> YOUR OBJECTIVE: Type out the lines below exactly, pictures excluded.

===== DATASET EXCERPT

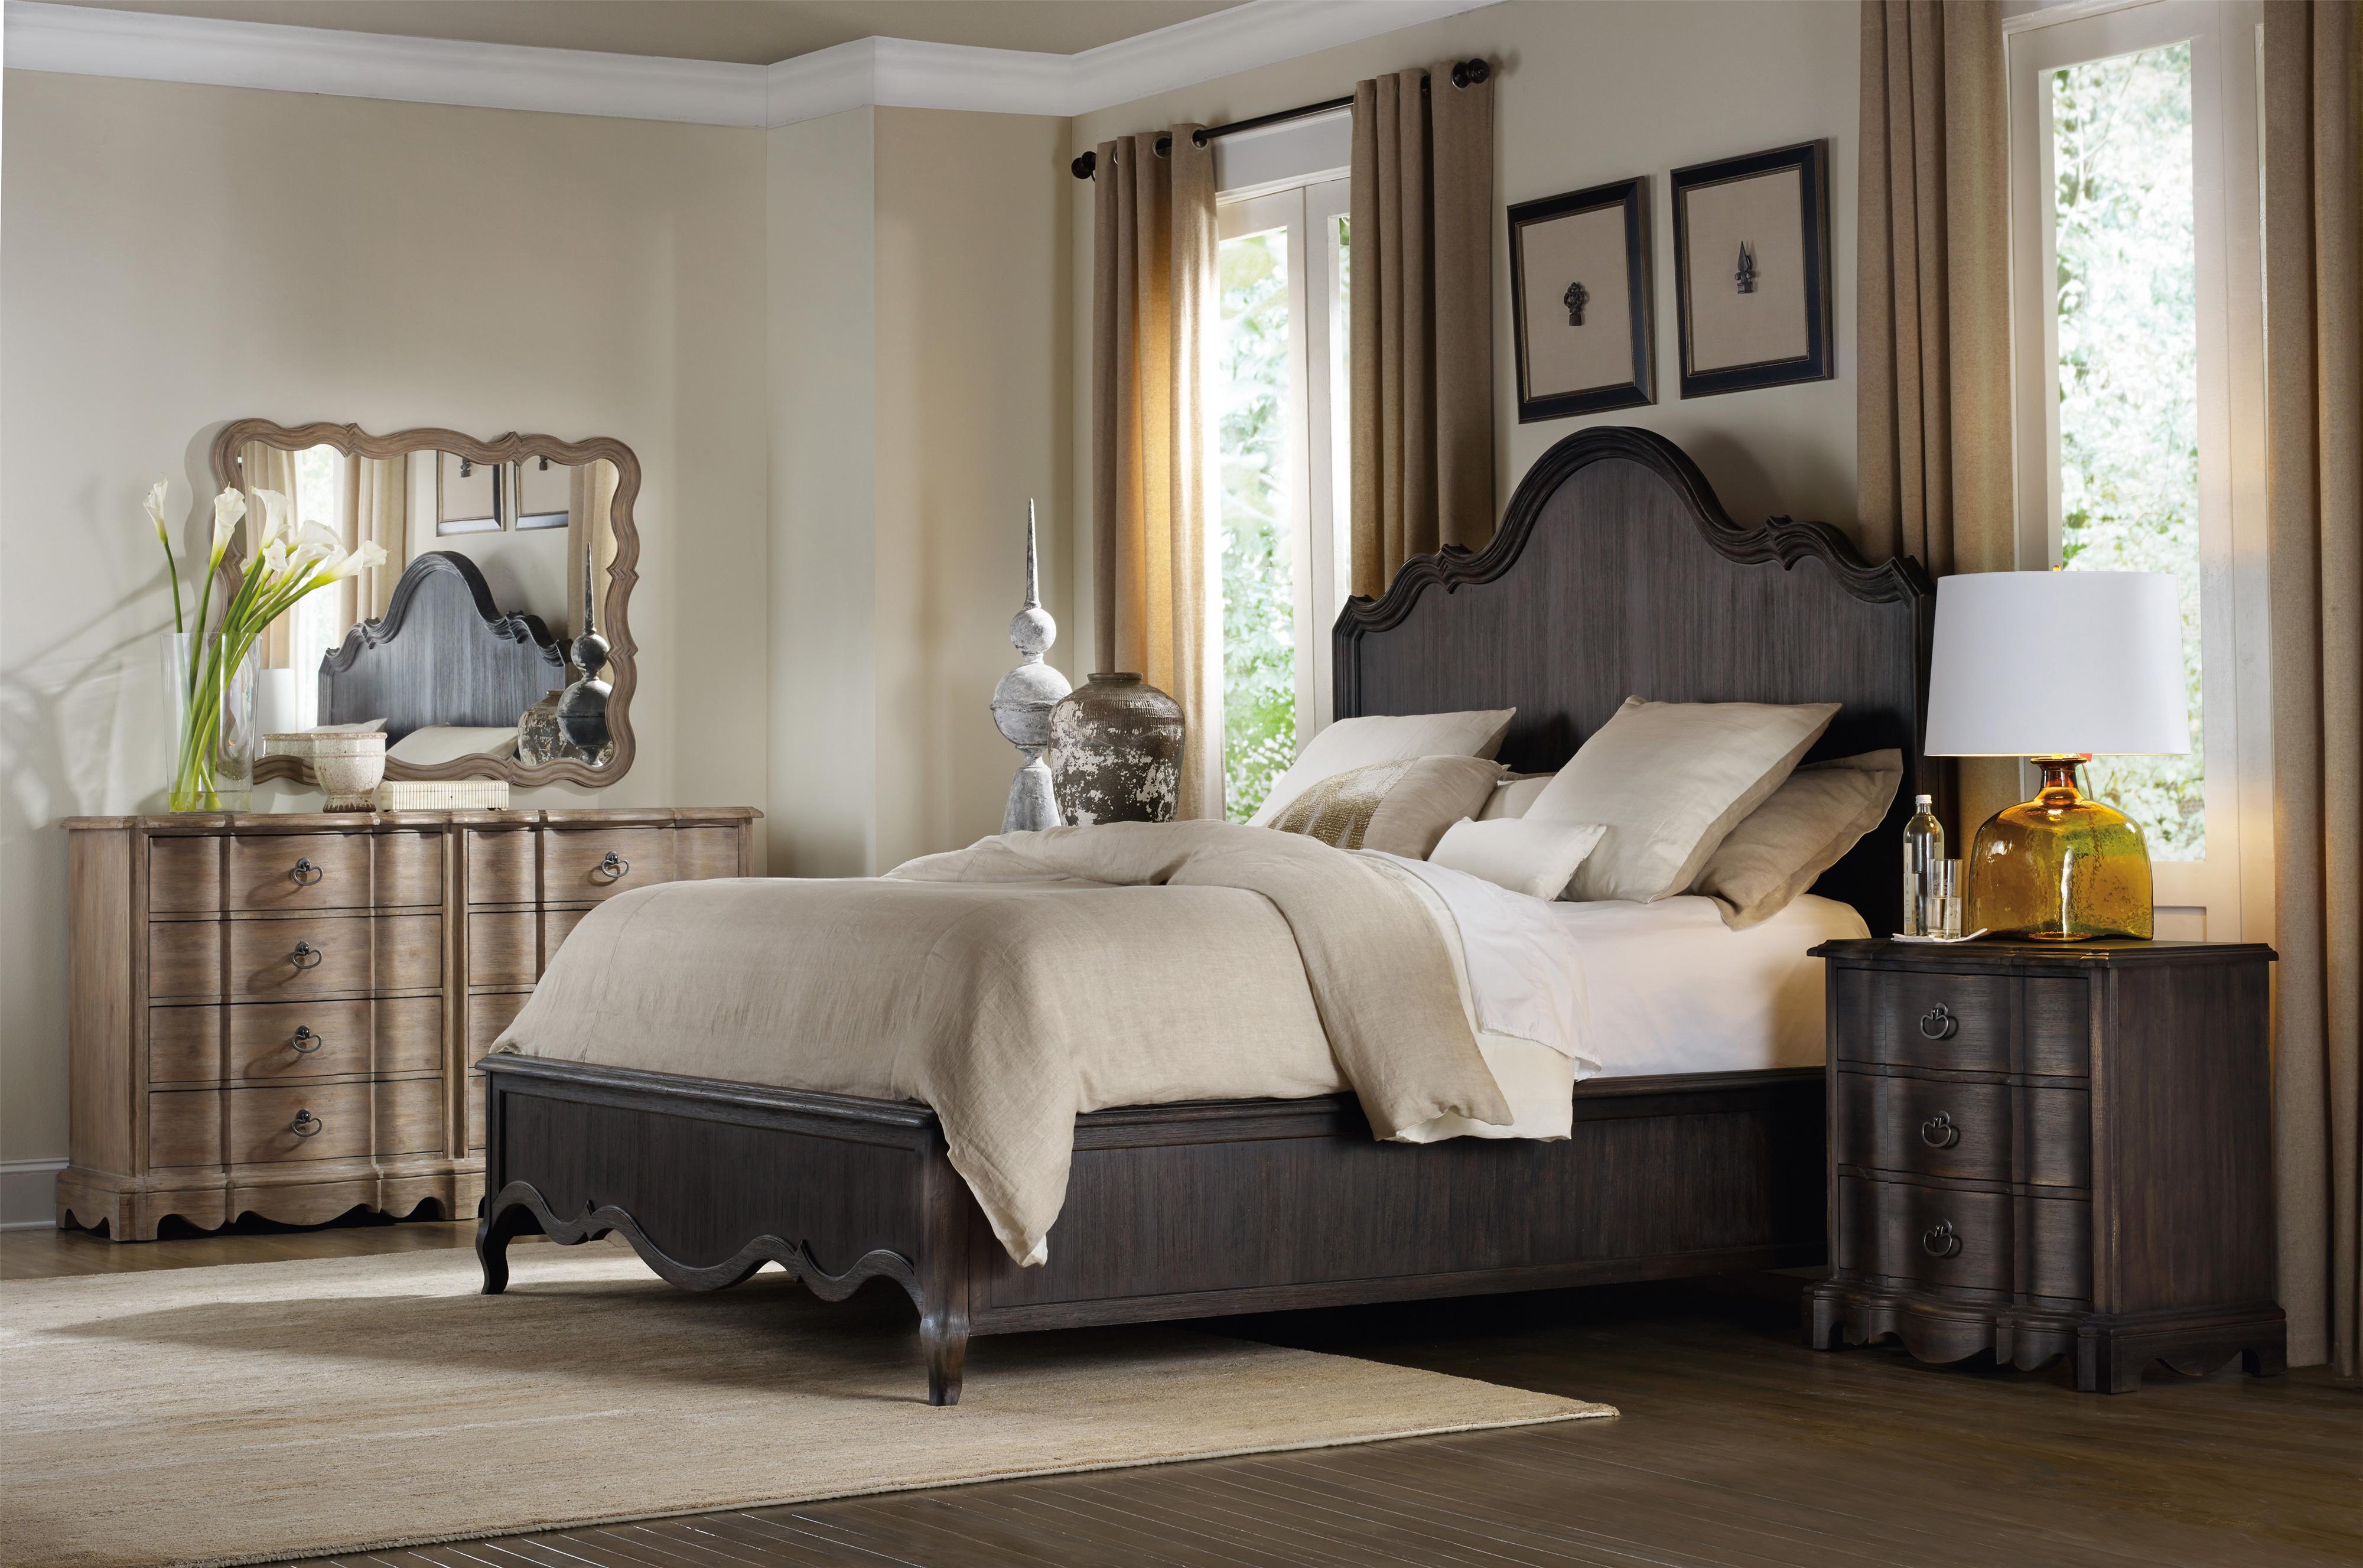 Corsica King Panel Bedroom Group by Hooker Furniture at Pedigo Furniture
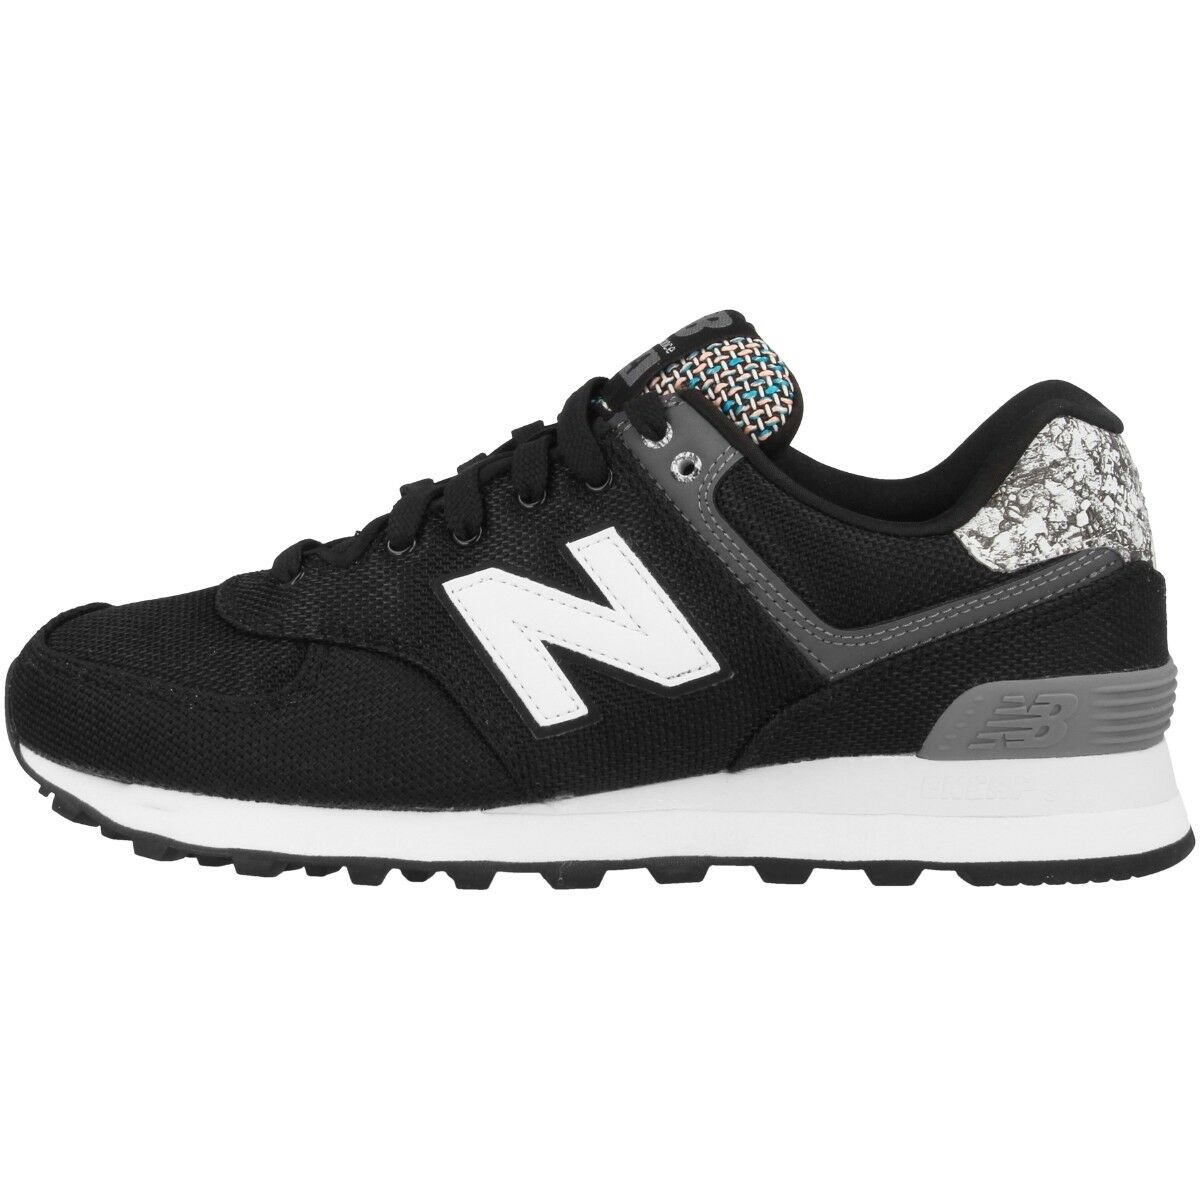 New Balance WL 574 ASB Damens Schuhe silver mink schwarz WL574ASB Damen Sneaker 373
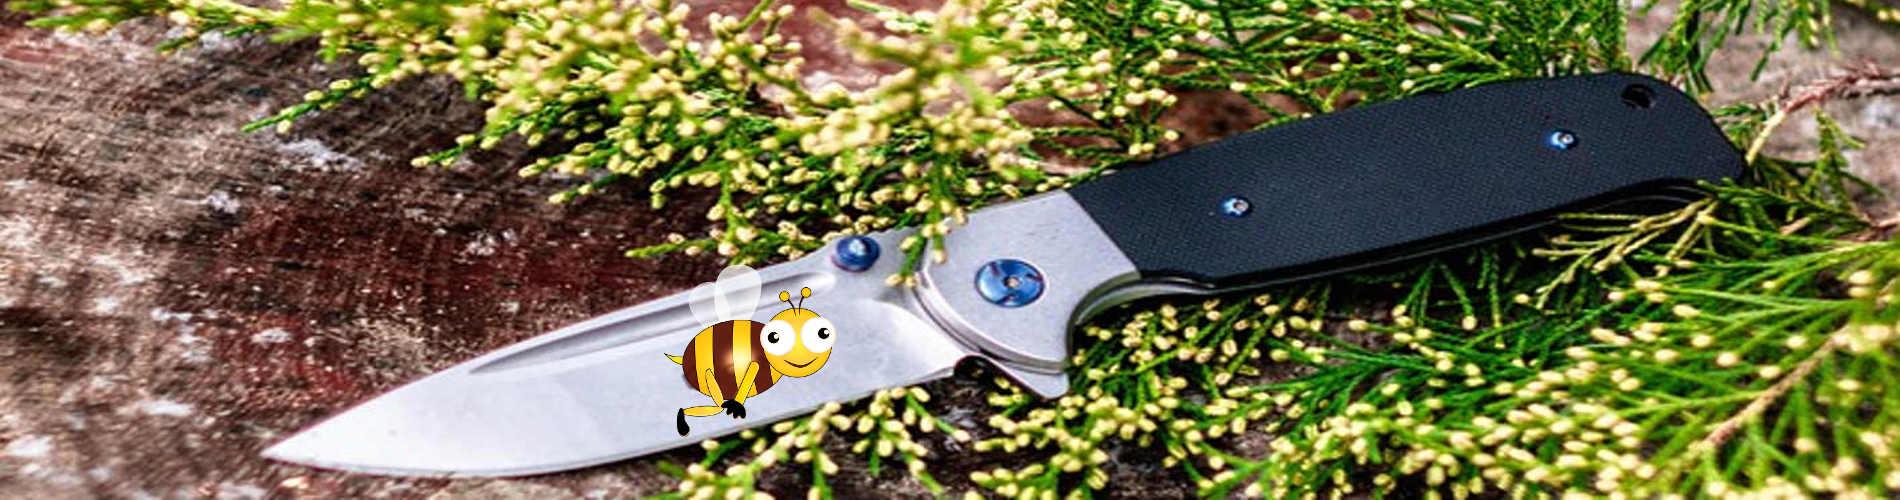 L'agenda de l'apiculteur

==========

> REPLY:
 Corsica King Panel Bedroom Group by Hooker Furniture at Pedigo Furniture
 New Balance WL 574 ASB Damens Schuhe silver mink schwarz WL574ASB Damen Sneaker 373
 L'agenda de l'apiculteur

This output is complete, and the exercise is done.